10 Facts About The Nissan Leaf
The Nissan Leaf is probably one of the most interesting cars of the year and opens a new era for electric automobiles thanks to its 99 mpg EPA ratings. Here are 10 interesting facts (courtesy of PopularMechanics.com) about the car, some of them you might know while others are new to you.
- It is made from recycled water bottles – 60% of the plastic used for the interior is made out of recycled material. Most of it comes from water bottles and after the lifespan of the car ends, the vehicle’s weight which is 3375 pounds is recyclable and can be used to make other Leafs or water bottles.

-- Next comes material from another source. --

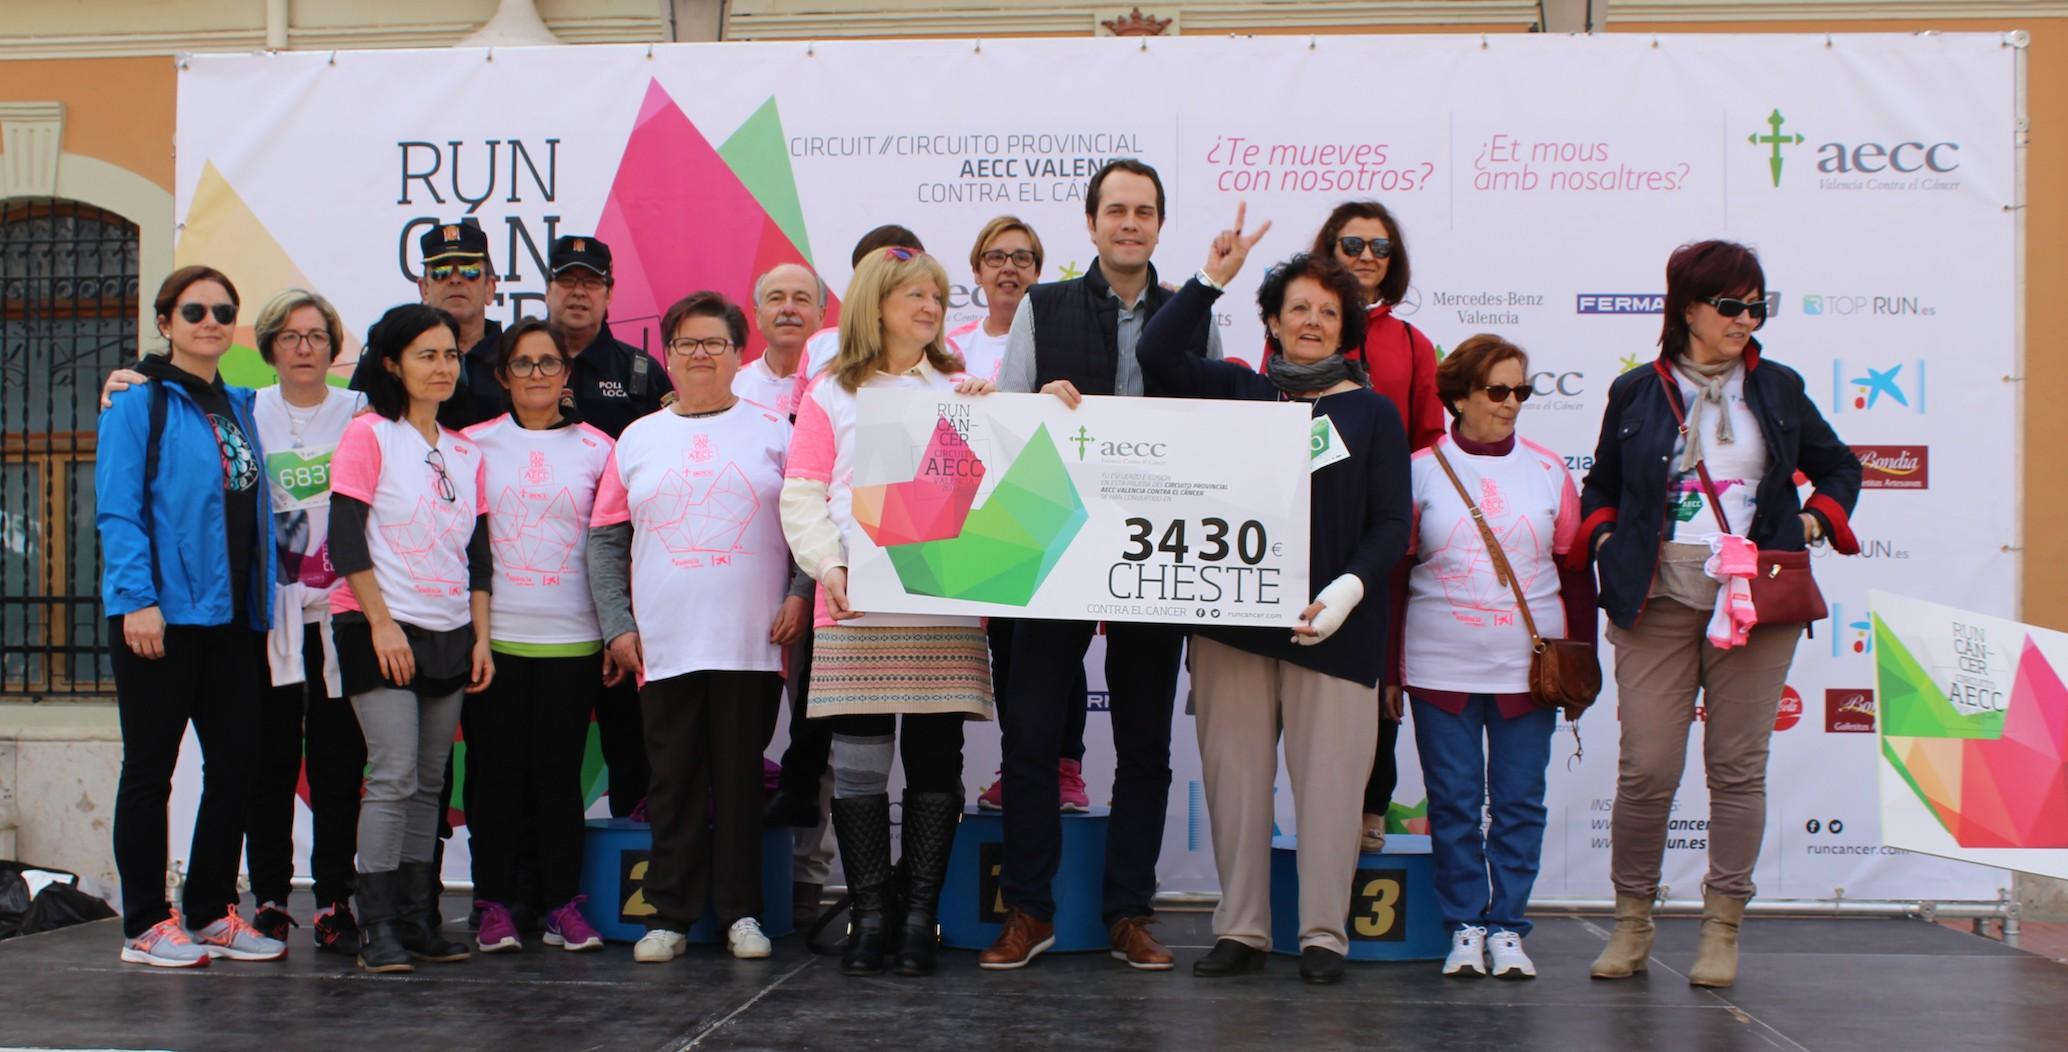 Las autoridades locales, encabezadas por el alcalde, junto a la organización y participantes en Cheste.

- 100,000 miles warranty for the batteries – we all know that batteries are not what we would expect them to be after years of developing, but the Leaf has lithium-ion units that have a 100,000 mile / 8 year warranty. According to the estimates made by the engineers at Nissan, after using the Leaf for 10 years, the batteries will most likely maintain 70-80% of their capacity. Thanks to the fact that lithium will not chemically change while using the car, the batteries of the Leaf are also recyclable, just like the car.
- Leaf’s headlights make it quieter – first of all, the LED headlights are 50% more power efficient in comparison to halogens. What is more interesting is that their winged form will direct the air away from the side mirrors which will reduce the level of the interior noise. The car is known to be more quiet even then premium luxury cars.
- Batteries Charge 80% in 30 minutes – the battery only needs 8 hours to be charged at a 220-volt outlet, and 16 hours at a 110 one. By using a 3-phase, quick-charging station, the Leaf’s lithium-ion batteries can reach 80% charging level in half an hour.
- Leaf can communicate with the driver – with the help of an E-mail-based system that is able to manage the charging system of the car, the Leaf can text info about the battery level to its owner. What it will do is to notify the owner when the batteries are charged, and at which point the driver can manage the AC system so that the interior of the car can reach the desired temperature level, before he gets inside of it. If the charging is interrupted, the driver will be notified via SMS.
- The navigation system is able to show your reachable area in real time – the Nissan Leaf comes standard with a navigation system that is capable of displaying the range in a graphic form, with a intuitive halo around the car’s current location, providing a real-time visual estimate of how much farther the driver of the car can go before he runs out of batteries. This can be done as the Leaf’s navigation system constantly communicates with Nissan’s databases by using satellite networks and is capable of displaying on the screen which nearby charging stations are available.
- Top speed of 95 mph – although it is a small-sized electric car, the Leaf is able to reach a top speed of 95 mph.
- The car offers driving tips – the energy menu of the Nissan Leaf can advise the driver to shut down the climate control under certain circumstances. This will allow more efficient energy consumption for the Leaf.
- $0.03 operating cost per mile – a conventional car that has a combustion engine that does 25 mpg will need about $1,800 in gasoline (for a $3 / gallon price tag) over a year of driving (15,000 miles), which doing the math works out to about $0.12 / mile. A useful innovation of the Leaf is that it can be pre-programmed to start charging during the wee hours (when the off-peak electric rates are active). For a $0.11 / kwh, The Nissan Leaf costs about $0.026 / mile to drive, or about $396 for 15,000 miles, which is about $1.400 less in comparison to a combustion engine powered cars.
- Its affordable too – the Nissan Leaf has a base price of $25.280, after the significant $7,500 federal rebate, which means that it is cheaper in comparison with the average new car sold in the United States. In addition, there are some states in USA that will offer extra incentives, like California – $5,000 or Colorado – $6,000. More than that, if the costumer of the Leaf wants to get a $2,200 charging station, the government will give him a $2,000 tax credit. In a year, Nissan is hoping that there will be 12,000 public charging stations in the United States.